Correspondence to: Ferenc Sipos MD, PhD, 2nd Department of Internal Medicine, Semmelweis University, Szentkirályi str. 46., 1088 Budapest, Hungary.
Telephone: +36-20-4780752 Fax: +36-1-2660816
Received: January 19, 2013
Revised: April 23, 2013
Accepted: April 28, 2013
Published online: July 14, 2013

Toll-like receptors (TLRs) recognize specific motifs which are frequently present in bacteria, fungi, prokaryotes and viruses. Amongst TLRs, TLR9 can be activated by such bacterial or viral DNA fragments, immunoglobulin-DNA complexes or synthetic oligonucleotides, which all contain unmethylated cytosine-guanine nucleotide sequences (CpGs). Emerging data indicate that TLR9 signaling has a role in, and may influence, colorectal carcinogenesis and colonic inflammation. CpGs are classified into three groups according to their influence on both the antigen-specific humoral- and cellular immunity, and the production of type 1 interferons and proinflammatory cytokines. TLR9 activation via CpGs may serve as a new therapeutic target for several cancerous and various inflammatory conditions. Due to its probable anti-cancer effects, the application possibilities of TLR9-signaling modulation may be extremely diverse even in colorectal tumors. In this review we aimed to summarize the current knowledge about TLR-signaling in the pathogenesis and therapy of inflammatory bowel diseases and colorectal cancer. Due to the species-specific differences in TLR9 expression, however, one must be careful in translating the animal model data into the human system, because of the differences between CpG-oligodeoxynucleotide-responsive cells. TLR9 agonist DNA-based immunomodulatory sequences could also represent a promising therapeutic alternative in systemic inflammatory conditions and chronic colonic inflammations as their side effects are not significant.

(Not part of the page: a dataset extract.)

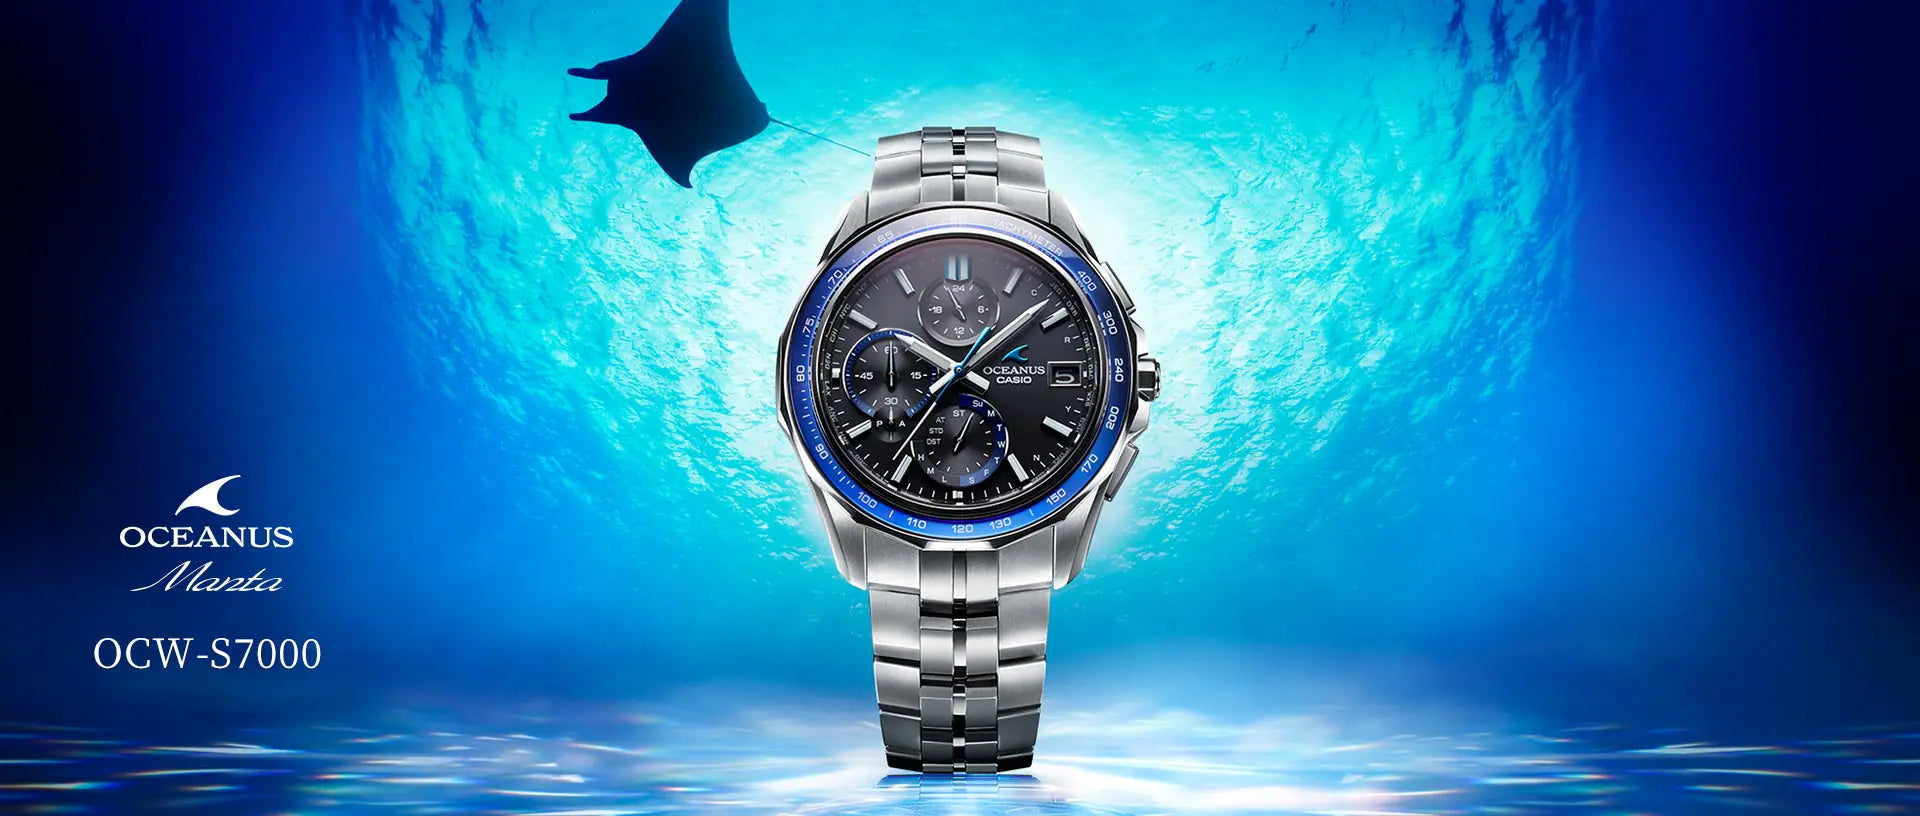 カシオ オシアナス マンタ OCW-S1400- 1AJF 定価￥136,500 - 腕時計 ...
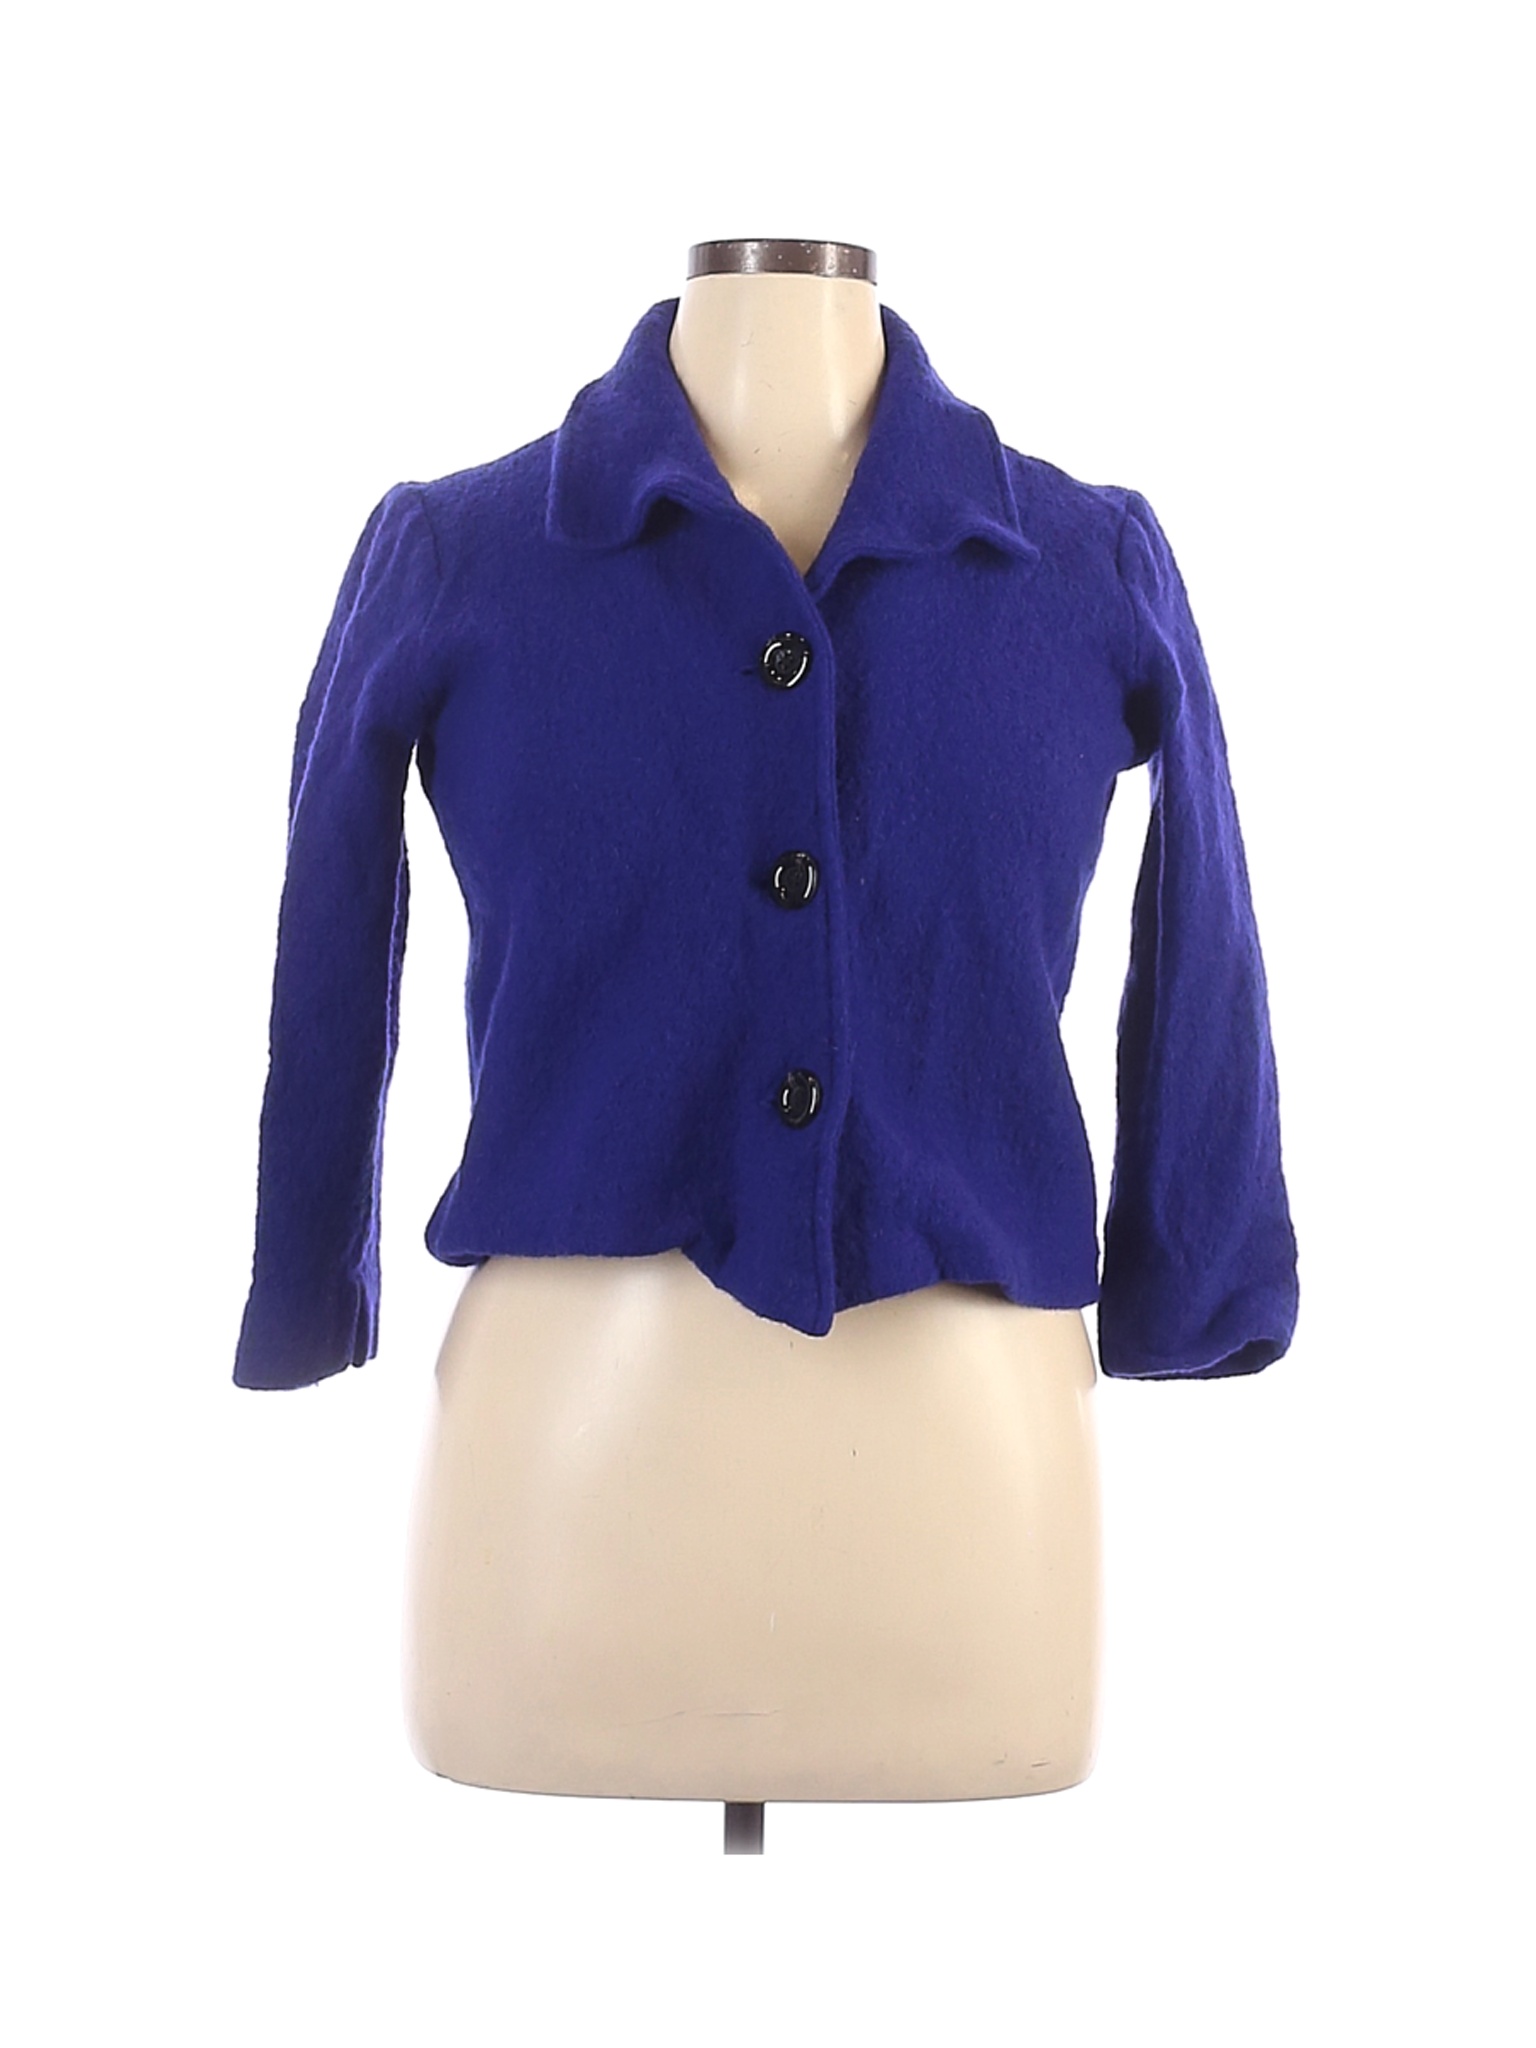 Kasper 100% Wool Solid Blue Wool Coat Size XL - 97% off | thredUP

Keywords: Toll-like receptor 9, Synthetic oligodeoxynucleotide sequences, DNA-based immunomodulatory sequences, Colorectal cancer, Inflammatory bowel diseases

Core tip: Toll-like receptor 9 mediated signaling influences and regulates the severity of mucosal inflammation, and seems to have a protective role against malignant transformation. The modulation of toll-like receptor 9 signaling by synthetic oligodeoxynucleotide agonists or antagonists seems to have beneficial therapeutic effect in inflammatory and cancerous colonic disorders.